Bereits die faktische Herrschaft der OHL unter Hindenburg und Ludendorff wird von vielen Historikern als 'Militärdiktatur' bezeichnet, die die meisten politischen Entscheidungen autonom traf und dabei weder die Mehrheiten im Reichstag noch die Meinung des Kaisers berücksichtigte. Als OHL verhinderten sie ein früheres Kriegsende und waren entschiedene Gegner des vom Reichstag geforderten Verständigungsfriedens. Mit der 'Dolchstoßlegende' befeuerten sie die Mobilisierung der antidemokratischen Kräfte gegen die Weimarer Republik. Obwohl sich Hindenburg lange an die Buchstaben der Weimarer Verfassung hielt, war er kein Demokrat. Statt die Bildung einer Reichstagskoalition abzuwarten, ernannte er 1930 eigenmächtig Brüning zum Reichskanzler, der auf Hindenburgs Vertrauen gestützt unabhängig vom Parlament mit Notverordnungen regierte. Er nutzte mit Artikel 48 die Schwächen der Verfassung aus und löste 1930 den Reichstag auf, womit er erneut entscheidend zur Radikalisierung der Politik beitrug, weil die demokratischen Parteien nun zwischen den antidemokratischen Kräften von Kommunisten und Nationalsozialisten in der Minderheit waren. Besonders schwerwiegend waren aber seine Berufung Adolf Hitlers zum Reichskanzler und seine nachfolgende Unterstützung. Als Reichspräsident hätte er niemals – und ohne Zwang – die Verordnungen und das Ermächtigungsgesetz unterzeichnen dürfen, die die freiheitlichen und demokratischen Grundrechte der Verfassung aufhoben und die nationalsozialistische Diktatur erst ermöglichten.


Empfehlung

Umbenennung (einstimmig)


Vorschlag

Die Kommission hat unverbindlich vorgeschlagen: Otto Wels (1873-1939). SPD-Vorsitzender, der die letzten freien Worte im Deutschen Reichstag gegen das Ermächtigungsgesetz sprach, Exil 1933.

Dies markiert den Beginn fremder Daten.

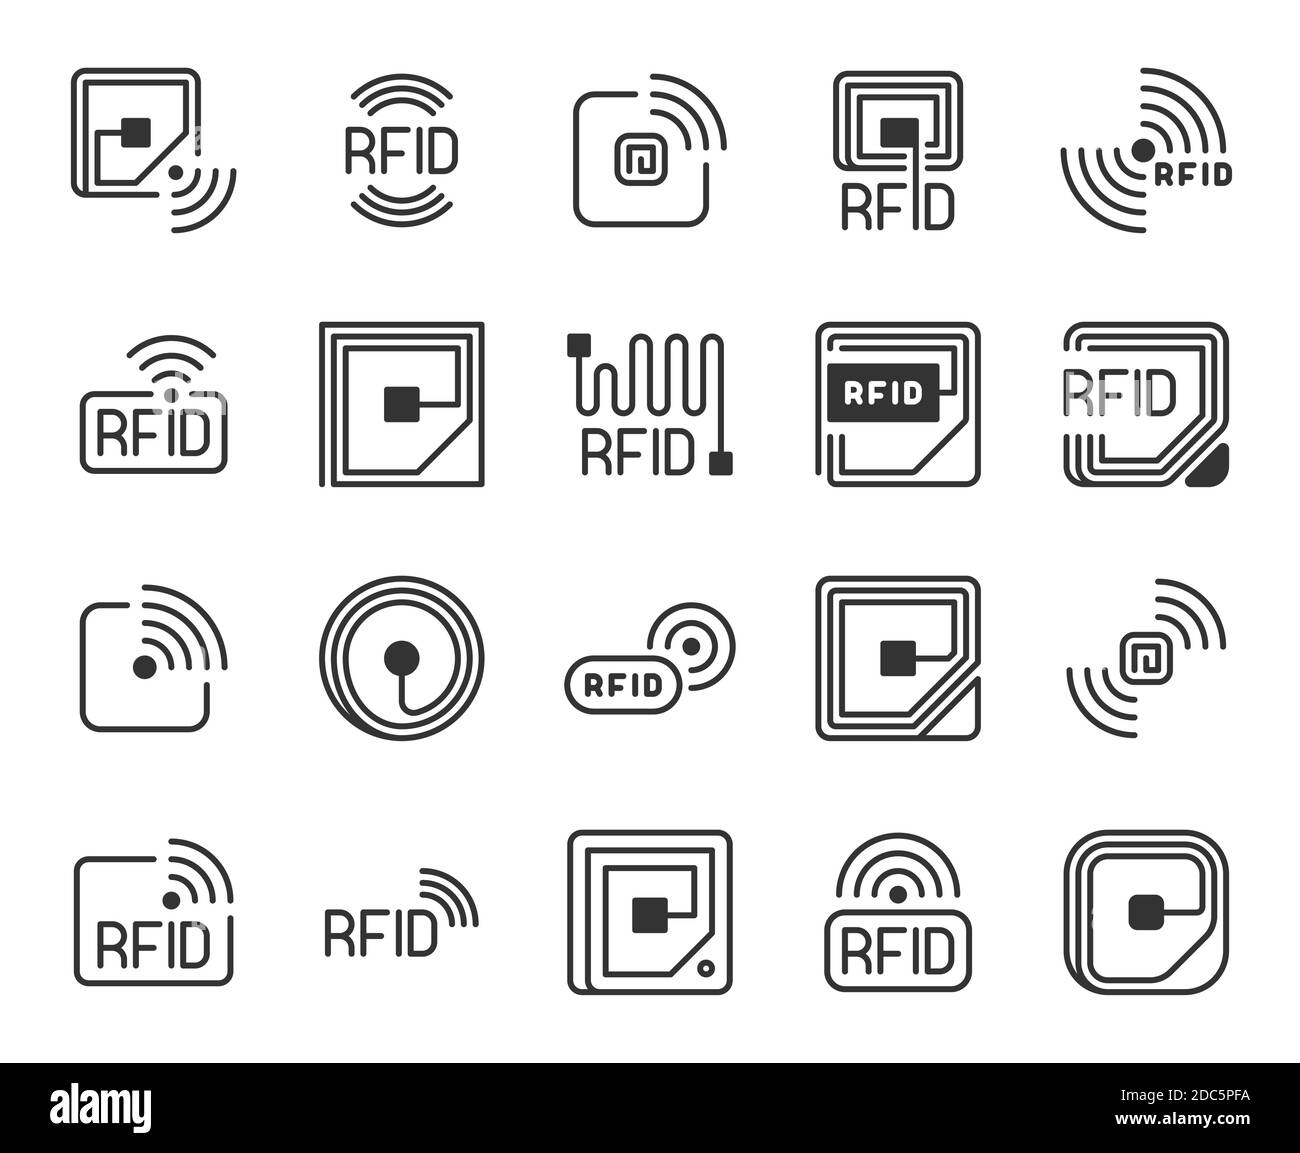 Icone RFID. Etichetta di identificazione delle radiofrequenze, etichetta, chip e logo della linea dell'antenna. Sistema wireless per il tracciamento e il controllo, simboli vettoriali Illustrazione Vettoriale
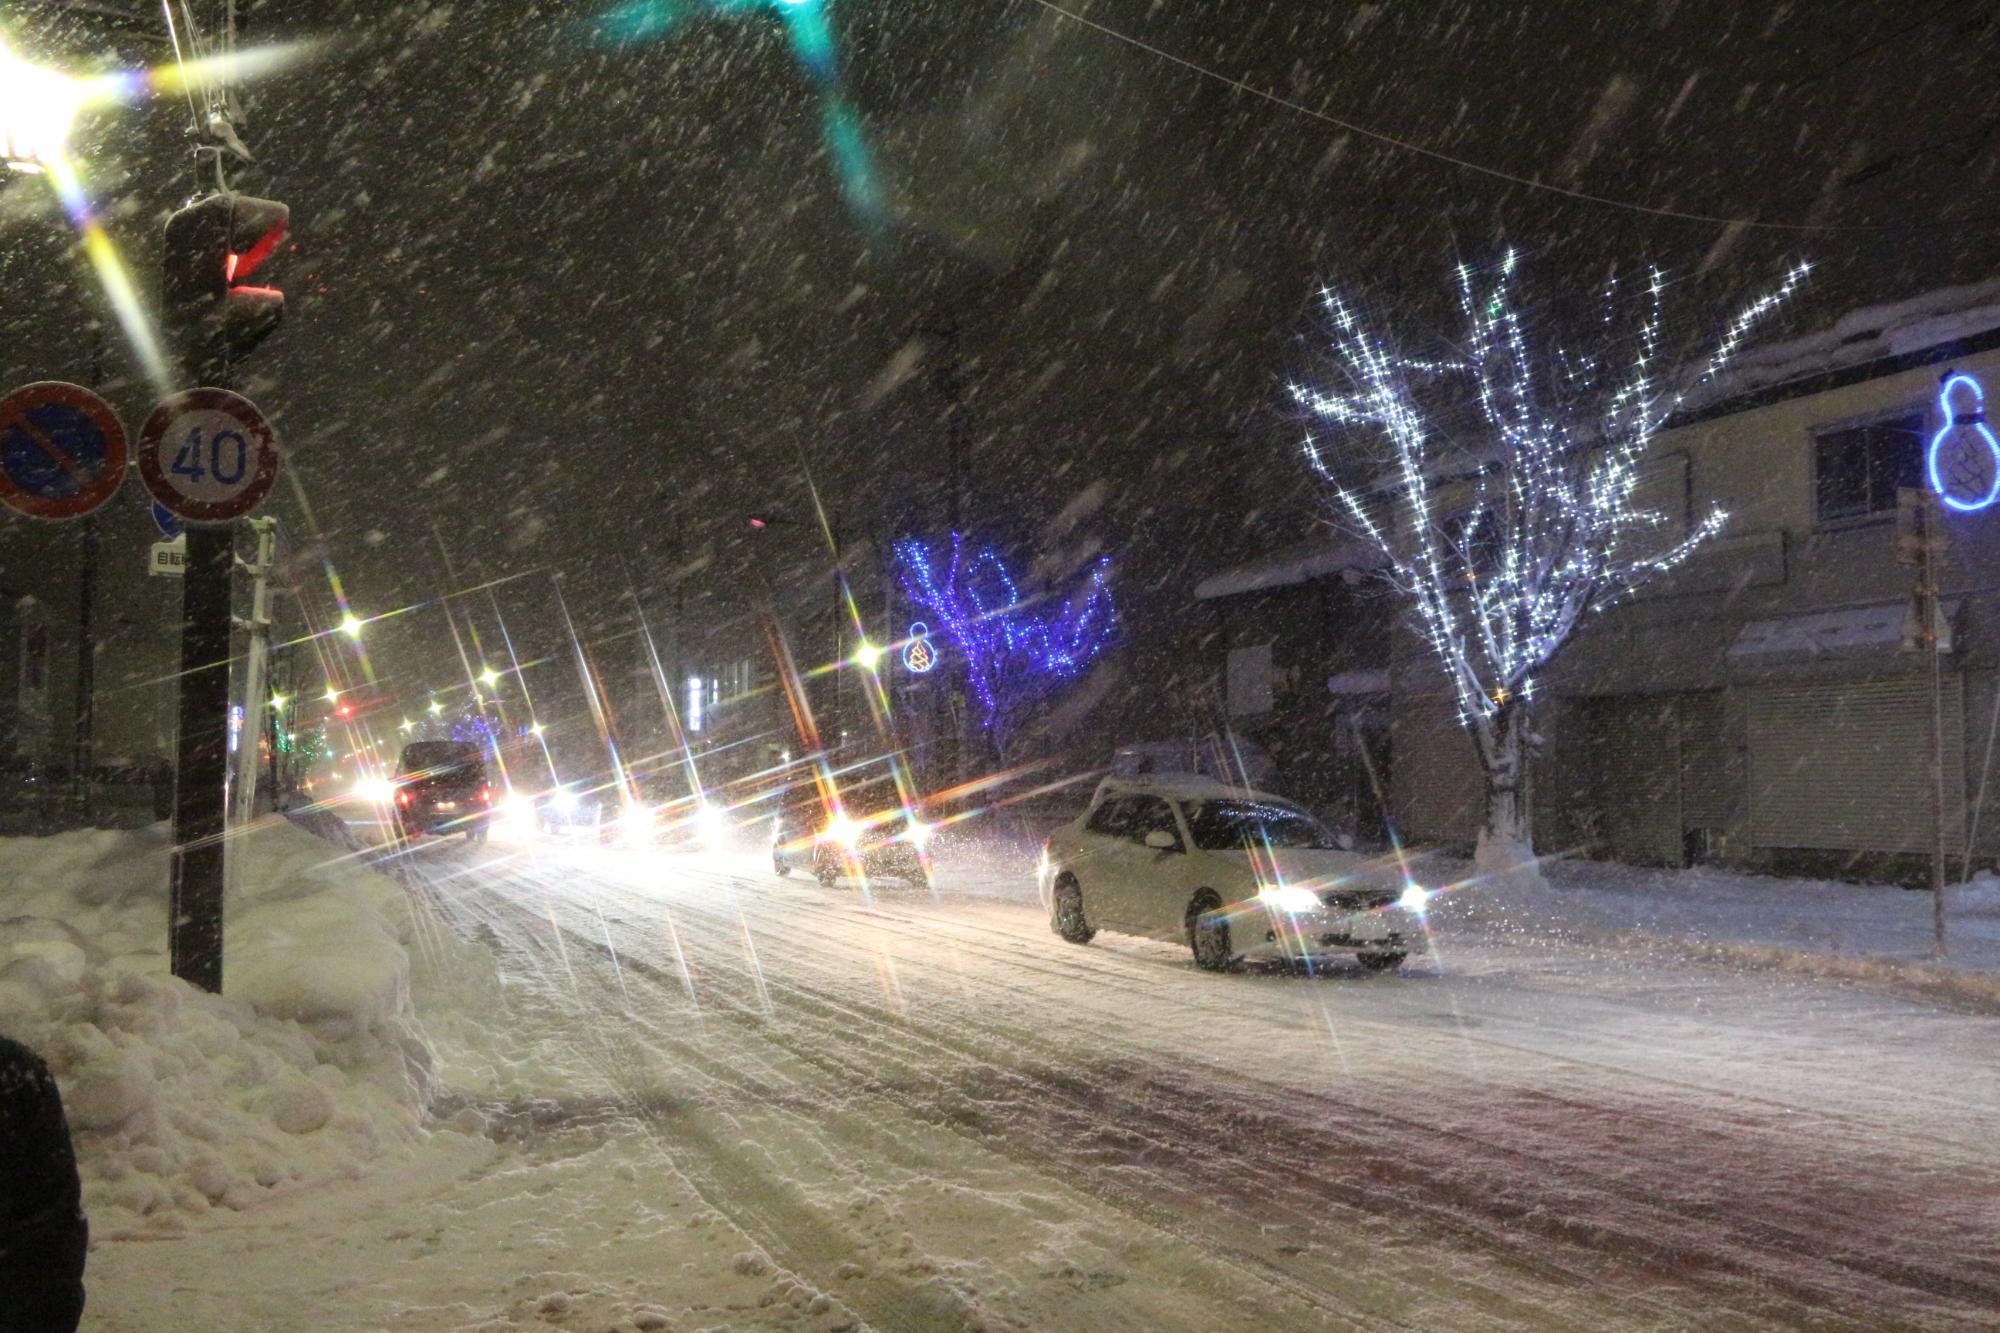 雪が降り積もるなか、街路樹に装飾された紫色や白色に光るイルミネーションの通りを車が走行している様子の写真

Umbenannt in: (Gemeinderatsbeschluss vom 03.03.2020)

Otto-Wels-Straße
Otto Wels, 1873–1939, SPD-Vorsitzender. Hielt im März 1933 die letzte freie Rede im Reichstag gegen das nationalsozialistische „Ermächtigungsgesetz“. Aufbau der Exilorganisation der SPD.

Zusatzschild:
Diese Straße war von 1927-2020 nach Paul von Hindenburg benannt. Die Umbenennung erfolgte aufgrund seiner Mitverantwortung für die Fortsetzung des Ersten Weltkrieges, Verbreitung der „Dolchstoßlegende“, Ernennung von Adolf Hitler zum Reichskanzler und Unterzeichnung des „Ermächtigungsgesetzes“.